E’ davvero un lavoro così come lo identifica la nostra Costituzione?
Il caso Ferragni ha riportato l’attenzione dell’opinione pubblica sulla figura dell’influencer. Come sempre si sono costituiti schieramenti opposti, rispetto alla vicenda. Di casi simili ce ne saranno in quantità industriale ogni giorno ma se sei un inflluncer del livello della Ferragni è naturale che l’attenzione dell’opinione pubblica sia massima.
Se la nota imprenditrice ha commesso un errore, alla fine lei stessa alla fine lo ha ammesso, troverà il modo di uscirne e sicuramente tornerà insieme al marito a riempire i social con i suoi “contenuti”.
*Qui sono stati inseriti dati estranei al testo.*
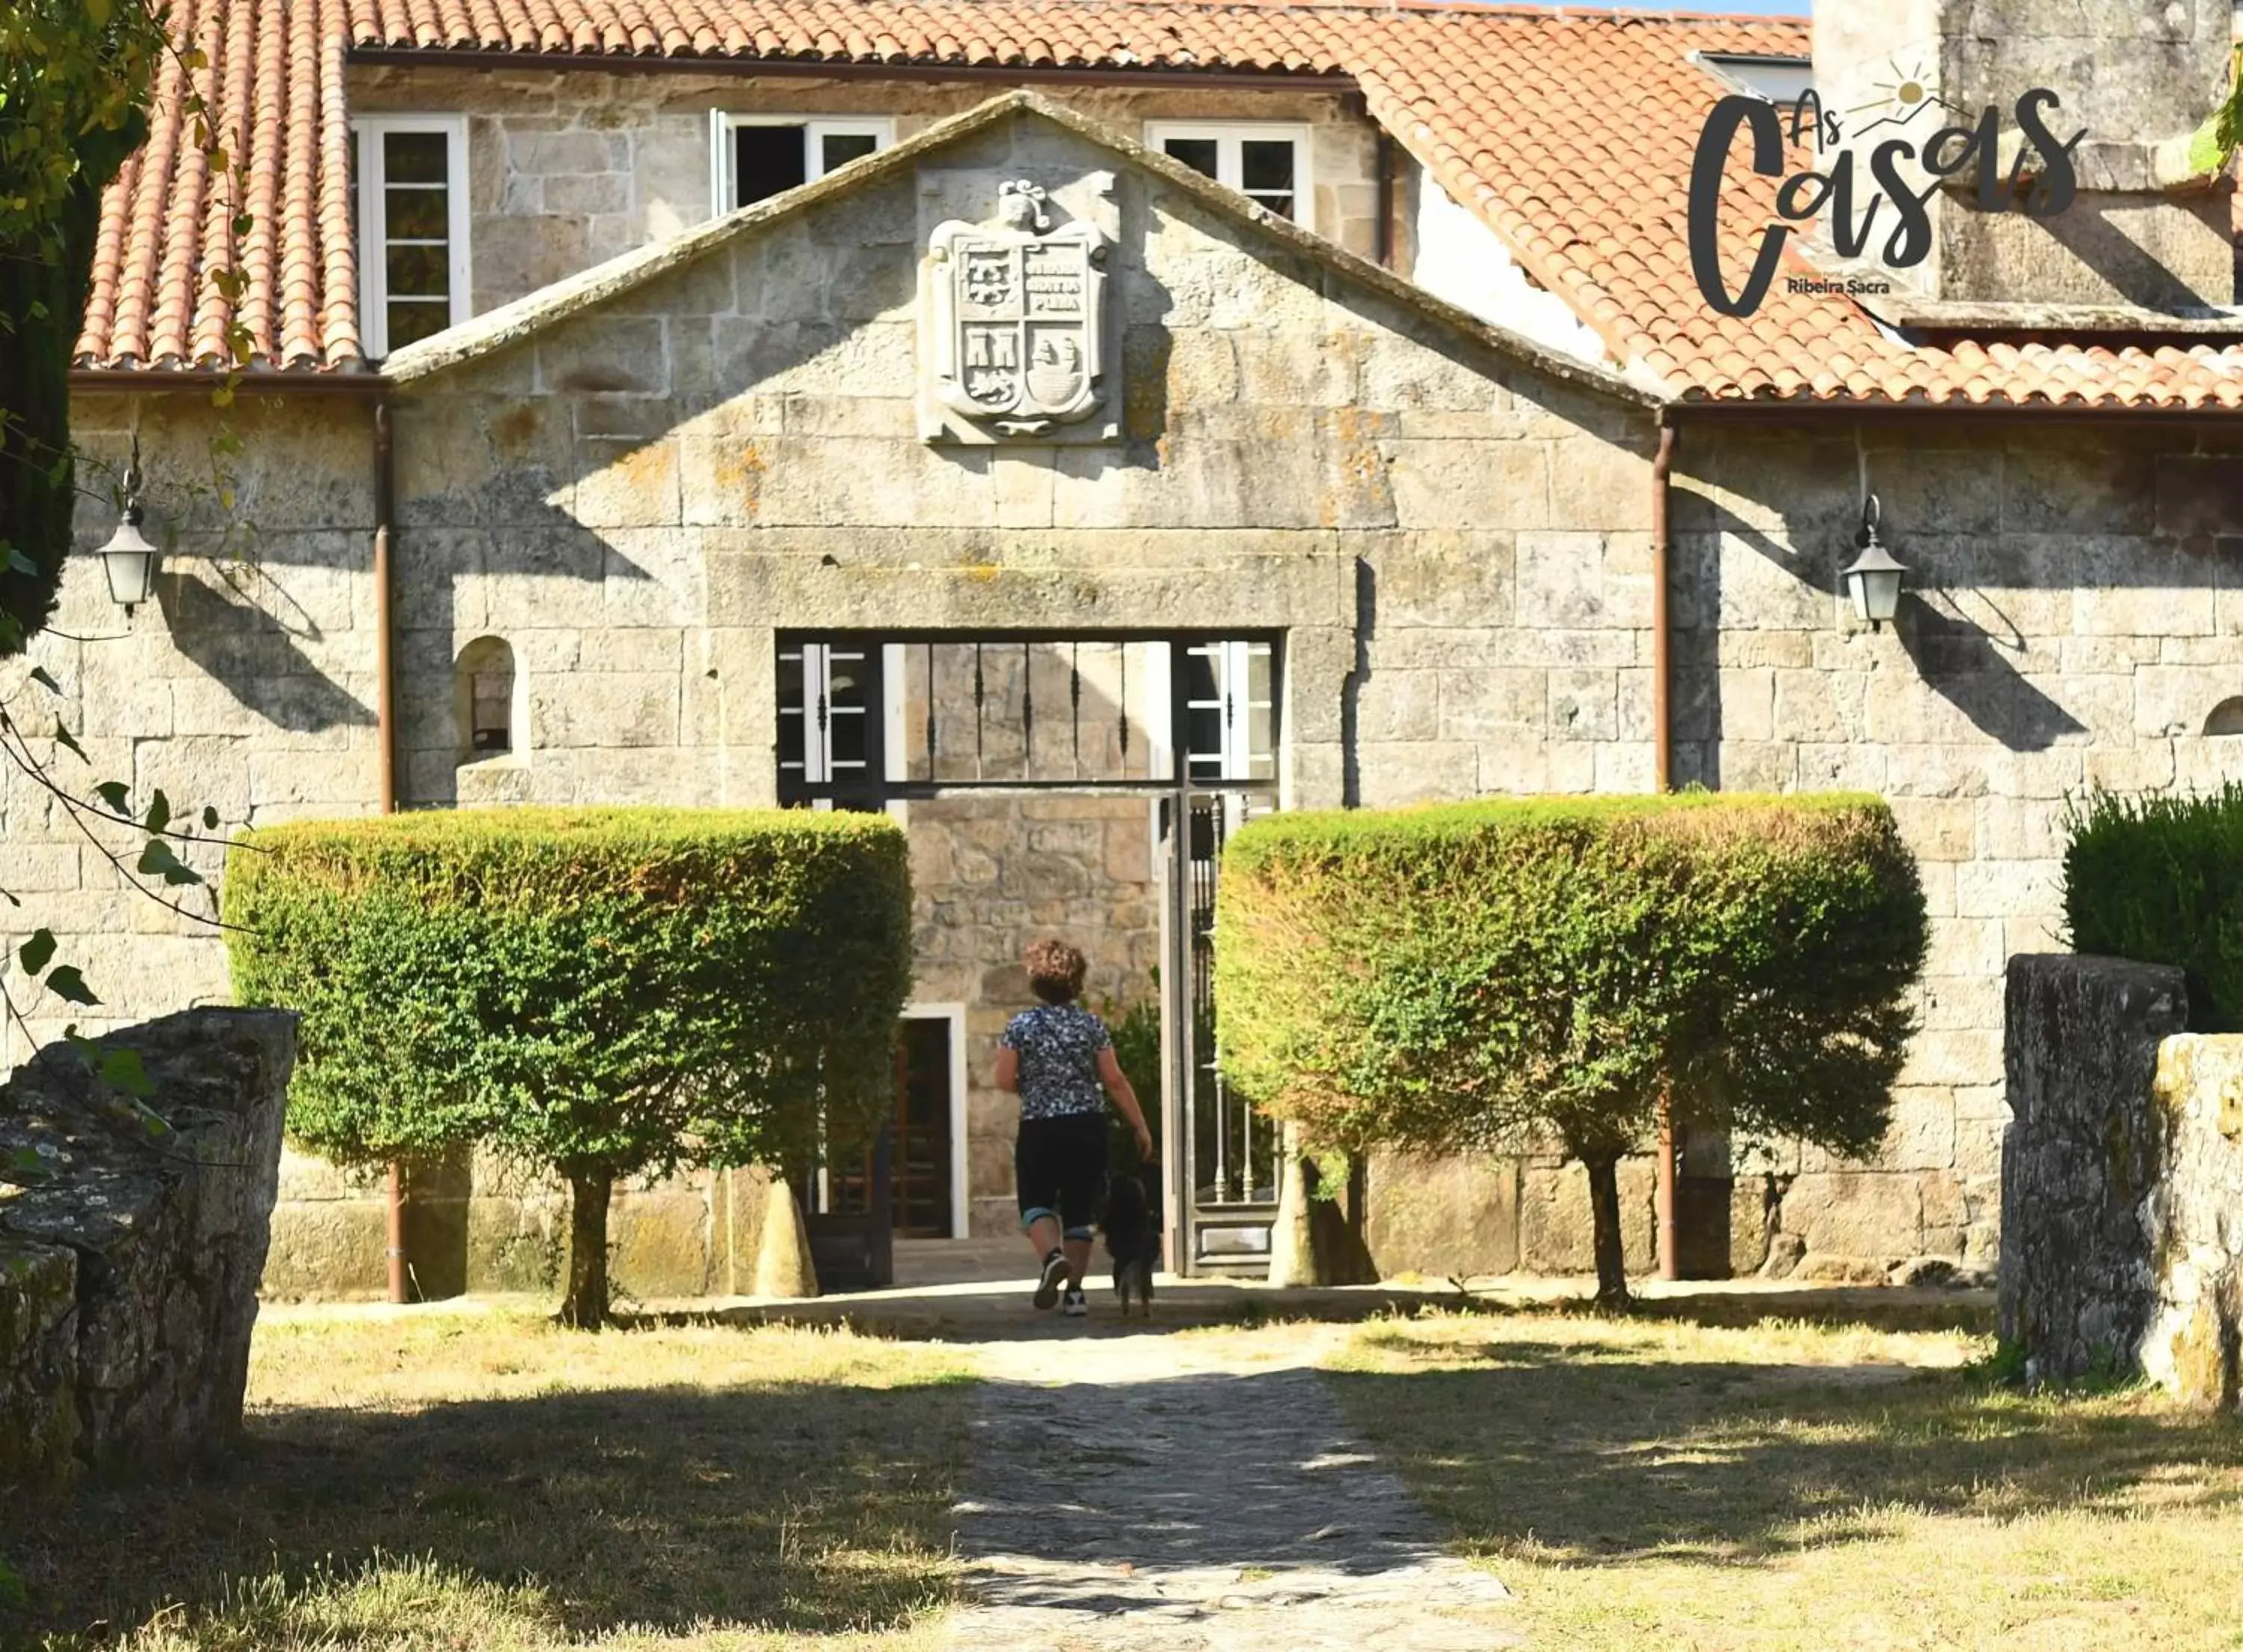 Property Building in As Casas Ribeira Sacra

Gli influencer sono sempre esistiti; una volta li chiamavamo “testimonial”. L’attore, il cantante, il calciatore, famosi ci hanno sempre consigliato una marca specifica di acqua minerale, piuttosto che un rasoio miracoloso o una grappa da bere rigorosamente in cima ad un’alta montagna. Per non parlare del caffè che più lo mandi giù e più ti tira su!
Cambiando gli strumenti di comunicazione e passando quindi ai social il fenomeno si è solo ampliato in termini di platea.
Ma l’influencer è un davvero un lavoro?
La nostra Costituzione si occupa di definire il lavoro sottolineandone in particolare il valore sociale.
Ciò che tutti conoscono, o dovrebbero conoscere, è l’articolo 1: “L’Italia è una Repubblica democratica, FONDATA SUL LAVORO La sovranità appartiene al popolo, che la esercita nelle forme e nei limiti della Costituzione.
Ma è all’art. 4 che si chiarisce:
“La Repubblica riconosce a tutti i cittadini il diritto al lavoro e promuove le condizioni che rendano effettivo questo diritto.
Ogni cittadino ha il dovere di svolgere, secondo le proprie possibilità e la propria scelta, un’attività o una funzione che concorra al progresso materiale o spirituale della società.”
Il lavoro dunque è un diritto, purtroppo non del tutto garantito, ma è anche un dovere. Con il proprio lavoro i cittadini contribuiscono al progresso materiale o spirituale della società.
Un medico, un insegnante, un ingegnere, un avvocato, un impiegato, un operaio, alcuni esempi di attività lavorative che sicuramente concorrono allo sviluppo della società. E l’influencer? Se guardiamo questa nuova figura ( in realtà sempre esistita anche si in forme di comunicazione diversa) come parte di un processo produttivo che riguarda la fase della commercializzazione di un prodotto, ovvero il marketing, possiamo tranquillamente affermare che si tratti di un’attività che ha sicuramente un suo risvolto in termini di sviluppo della società.
Il tema in discussione è un altro e riguarda due aspetti; il primo la reale corrispondenza tra il messaggio trasmesso e la realtà. Acquisto un prodotto, nel caso un pandoro, perché mi fido di chi me lo consiglia. Se quel tale influencer raccomanda qualcosa mi viene da pensare che sia davvero di buona qualità, visto che ci mette la faccia. Ma è sempre così? La seconda questione riguarda l’allargamento dell’oggetto dalla sola raccomandazione per gli acquisti alla diffusione di modelli di vita. Per cui coloro i capelli come il mio idolo social, o lo emulo in comportamenti che non sempre hanno una loro eticità, come il festeggiare il compleanno in un supermercato e distruggere tutto. Questo non è più lavoro come inteso dalla Costituzione. Anzi; il condizionamento soprattutto dei più giovani alla fine può rappresentare causa di regressione sociale e non di sviluppo.
Dato per scontato che la vicenda Ferragni sicuramente non rappresenta un momento esaltante per l’influencer, il dibattito dovrebbe però svilupparsi più in generale sulla eticità di questa attività, evitando noiose ed inutili strumentalizzazioni di natura politica. In questo ambito anche in Ferragnez dovrebbero modificare alcune loro forme di partecipazione al dibattito politico.